Of course, these stages will also bring with them intense feelings of guilt. His words hurt because of me.. then we find ourselves negotiating with ourselves.. the process is still in the bargaining phase.
ANGRY STAGE
I think one of the most difficult stages is the anger stage. Because especially in the loss of life resulting in death, the fact of death itself does not allow us to release anger. So, how can you be angry with someone who has already died for leaving you?.. Instead, it is better to be angry at the doctor, who you think has not done his job well enough, at the oncoming car, at some undesirable situations that happened at the funeral. But in the end, somehow this anger comes out.

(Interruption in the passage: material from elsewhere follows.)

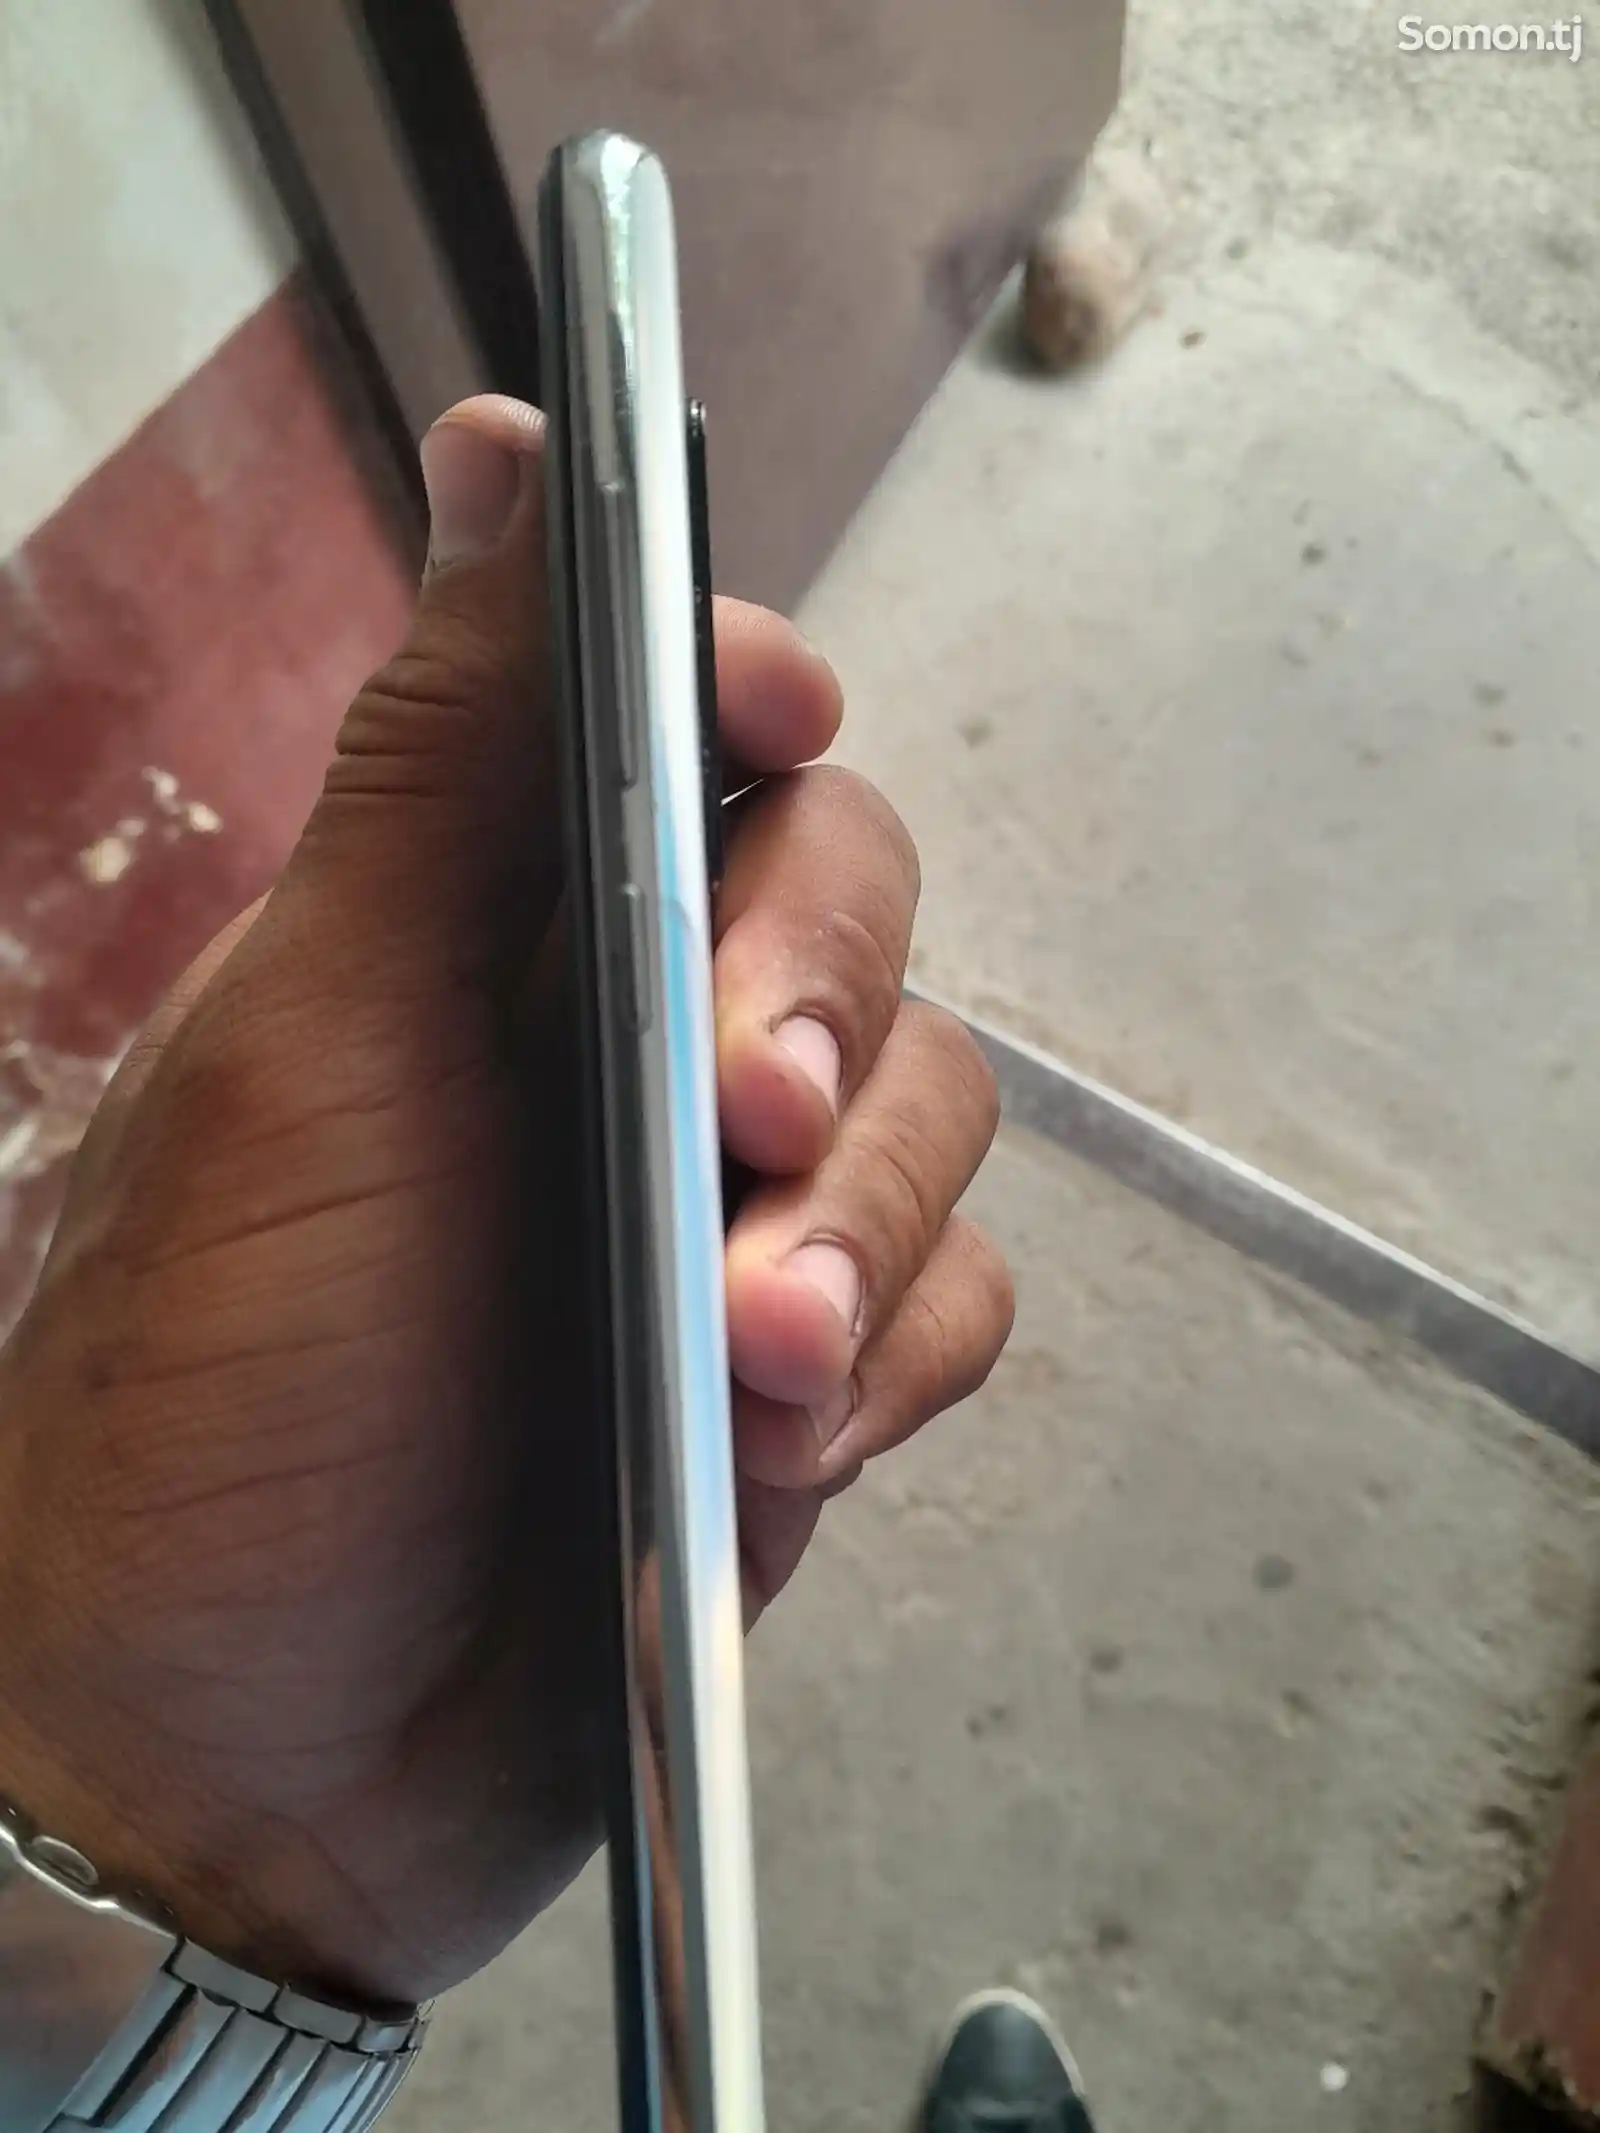 Xiaomi Redmi note 8 pro-1

Every grief definitely contains anger.
This anger is more evident in lifeless losses. In cases of divorce, the courts and the news are filled with this anger. Or, when the friendship is lost, this loss is associated with the badness of the other, and both the anger phase of the loss process is experienced and this separation will not be as difficult as it used to be.
Ultimately, if the anger is released, it means that the stage of denial has disappeared and we have begun to accept reality gradually. Of course, there are more healthy stages than this one.
DEPRESSION STAGE
This stage, which is also described as the “grief” stage, is no longer the pain of loss until your bones. This is where it starts to feel. Dreams begin to manifest themselves at this stage. Although dreams are painful at this stage, which shows how much we miss the other or the "thing" we have lost, it shows that death or loss has begun to be accepted. Whatever we have lost or gone from our lives, it is ours. Its mark in our lives is still warm, and that emptiness gives us deep pain. It is an extremely tiring phase. The depression phase can also be a phase that alternates between his guilt if what we lost was not as bad as we thought, or the sadness of it if what we lost was not as good as we thought.
ACCEPTANCE
This is a stage where the one who goes is accepted as it is, with good and bad. It involves accepting what is, as it is, and what we see is neither as bad as we thought, nor sometimes as good as we expected, whatever it was that we lost. This stage is now considered the end of the mourning stage. While some of the pain or sadness is with us inside, it is not as painful as the other stages.
It is important to remember that each grief is a unique stage and no process is exactly the same as another. The uniqueness and specialness of the human being is also seen here.
Secondly, the stages of grief can sometimes be ups and downs. Sometimes we fall into denial when we are in the anger stage, and sometimes we negotiate again during the depression stage.